Source data
=====
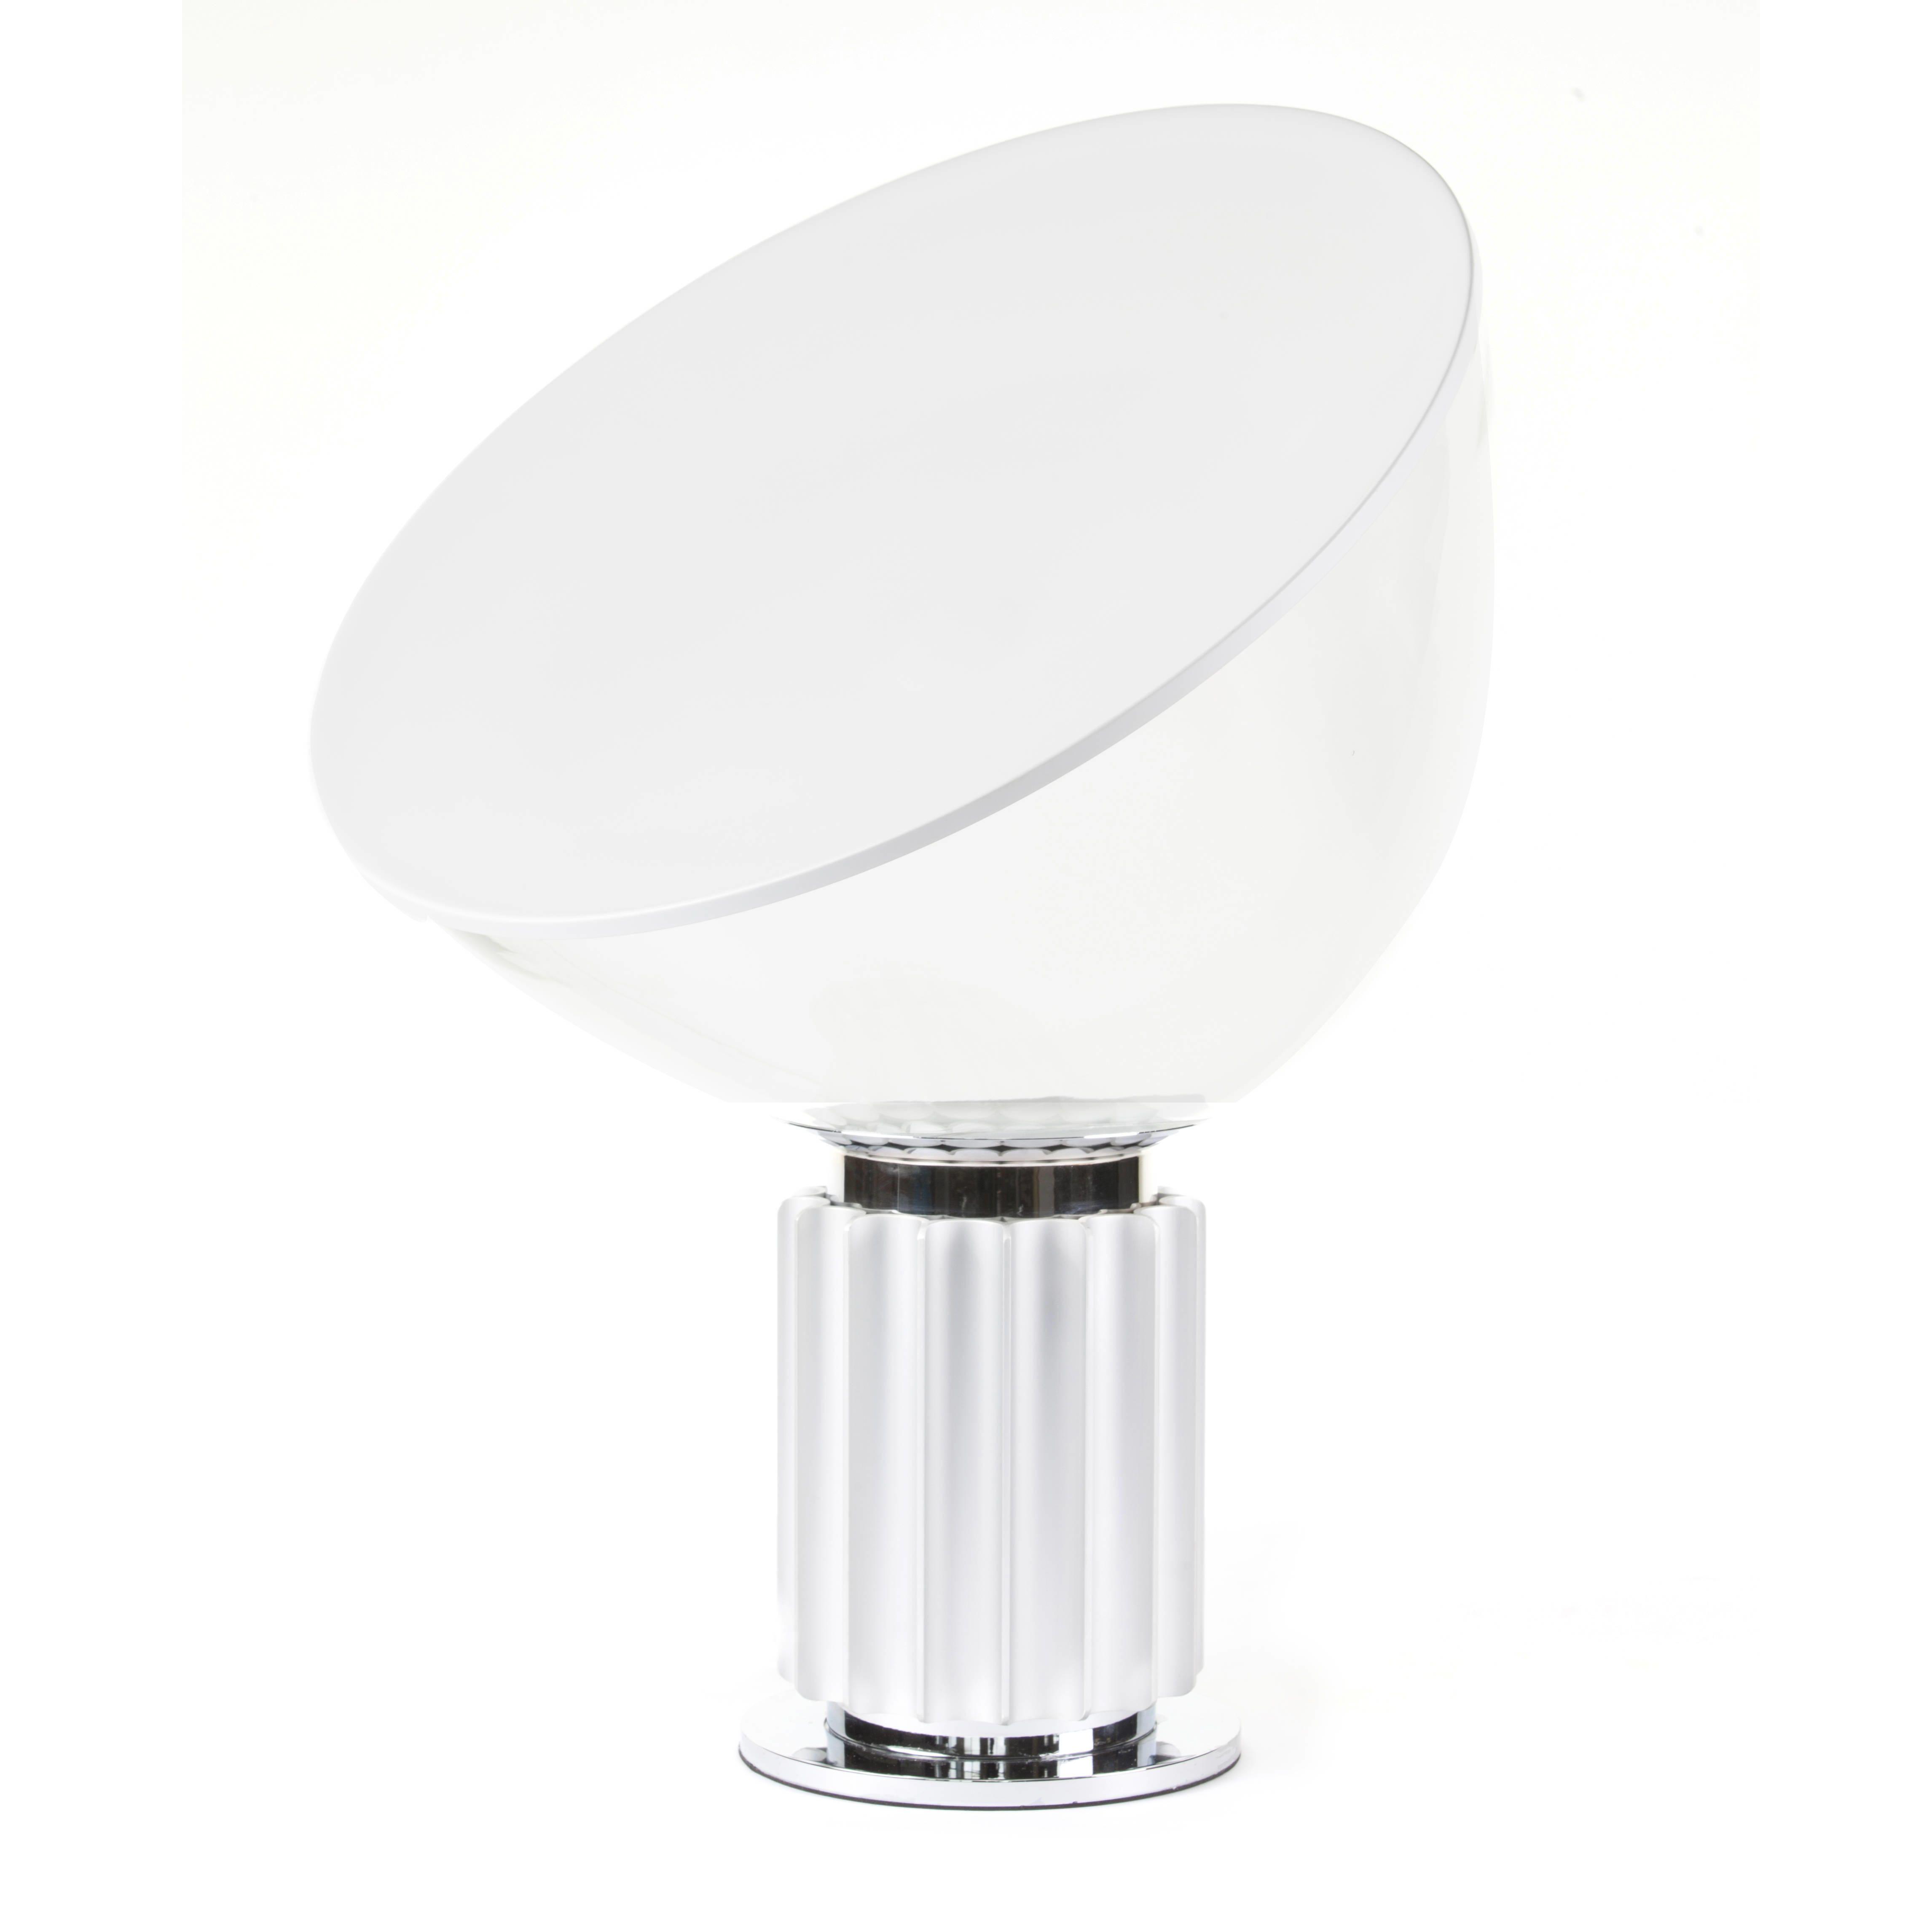 Replica Circa 1962 Silver Table Lamp
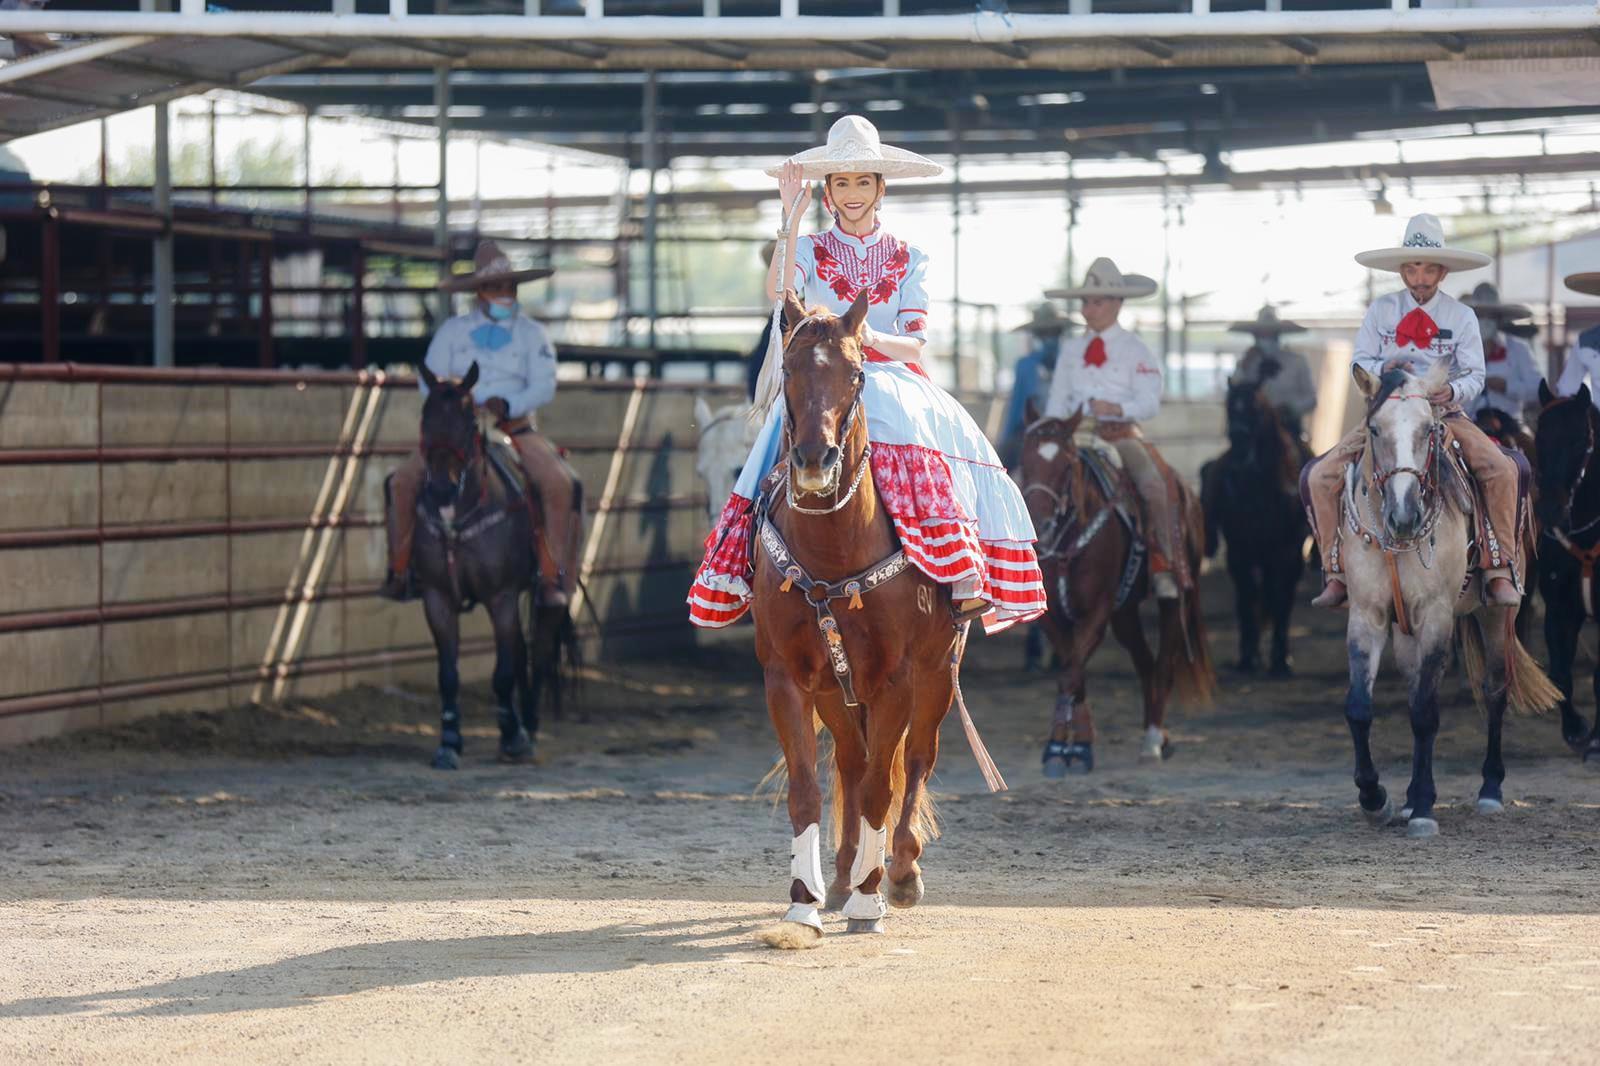 Importante la presencia de la mujer de a caballo en el campeonato más importante de la charrería en los Estados Unidos de América
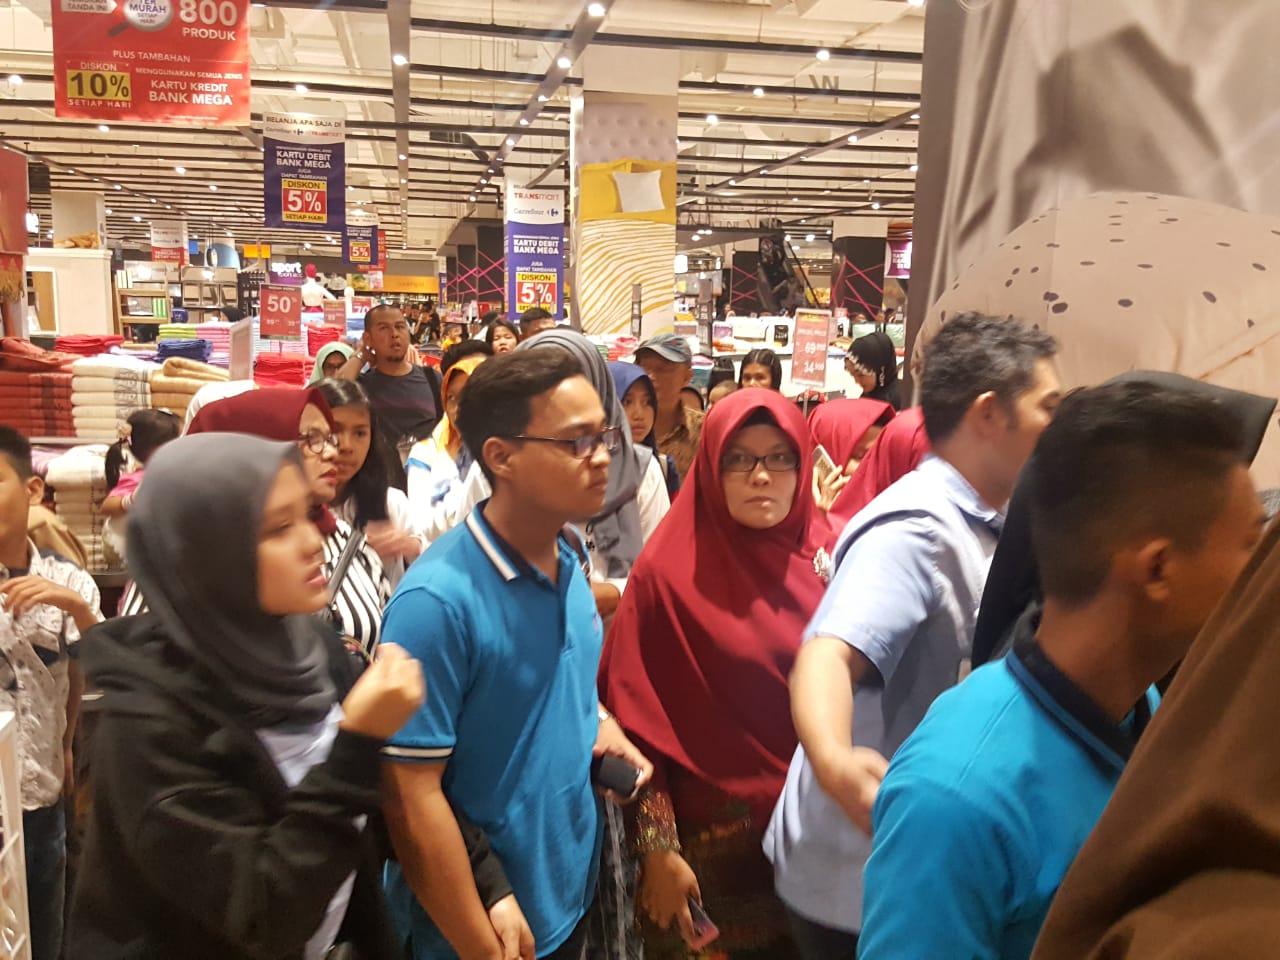 Pengunjung berhamburan dari salah satu pusat perbelanjaan di Padang ketika Gempa mengguncang Padang, Minggu (21/7/2018).
=====
Problem to work on
The whole listing above must be duplicated word for word, apart from its pictures.

Expected output
 Replica Circa 1962 Silver Table Lamp
 Importante la presencia de la mujer de a caballo en el campeonato más importante de la charrería en los Estados Unidos de América
 Pengunjung berhamburan dari salah satu pusat perbelanjaan di Padang ketika Gempa mengguncang Padang, Minggu (21/7/2018).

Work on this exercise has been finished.